She called out to him endlessly, chasing after her memories
of him, as if by catching one she might bring him back to life.
She saw him race away, spectral, phantasmagoric. Parts of him
appeared and faded in the air before her, blurred and distant
images from times gone by. She saw herself give chase as she
had so many times when they had played at being Tracker and
prey, when they had practiced the lessons of staying alive. She
saw herself that last day in the Tirfing before Cogline had ap-
peared and everything had changed forever, skirting the shores
of the Myrian, searching for signs. She watched him drop from
the trees, huge, silent, and quick. She felt him grapple for her,
felt herself slip away, felt her long knife rise and descend.
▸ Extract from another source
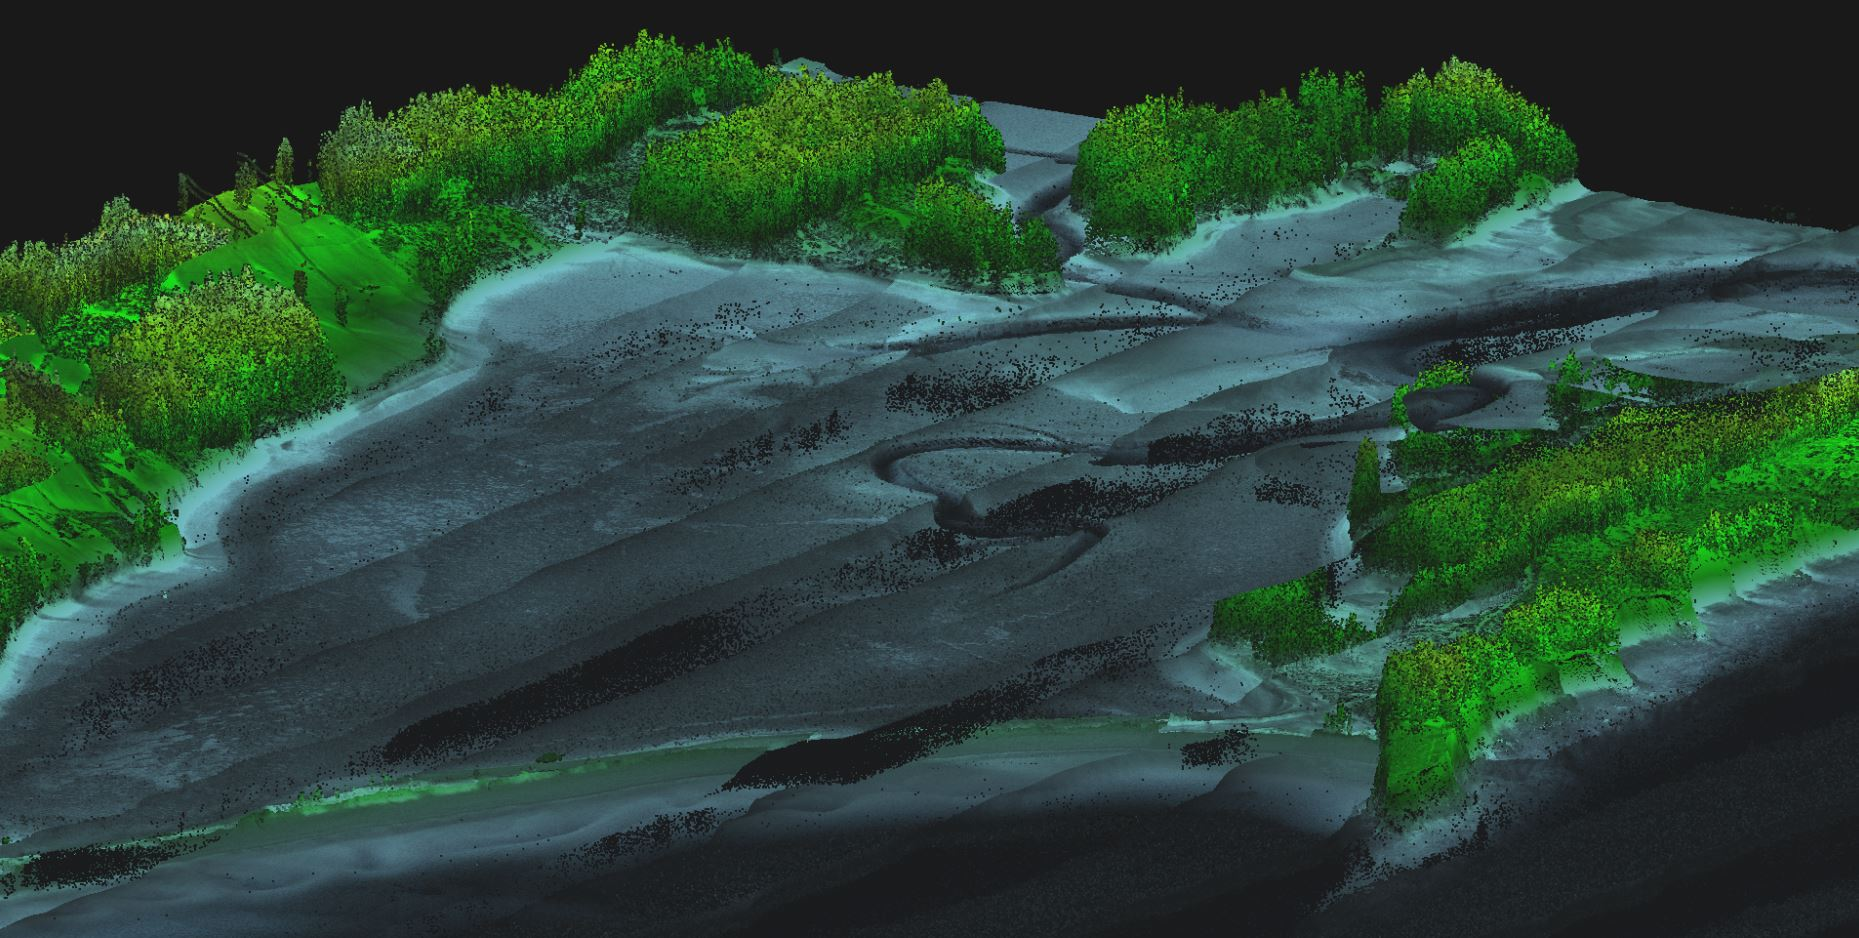 Bathymetric LIDAR - LiDAR Survey Studio smooth constant 3D viewing of LIDAR points

She
heard herself laugh. You’re dead, Garth.
And now he really was.
Somehow-it was never entirely clear-she stumbled upon
the others of the little company, the few who remained alive,
Triss, the last of the Elves, the last besides herself, and Stresa
and Faun. She careened into them, spun away angrily as if they
were hindrances, and kept going. They came after her, of course,
running to catch up, calling out urgently, asking what was
wrong, what had happened, where was Garth?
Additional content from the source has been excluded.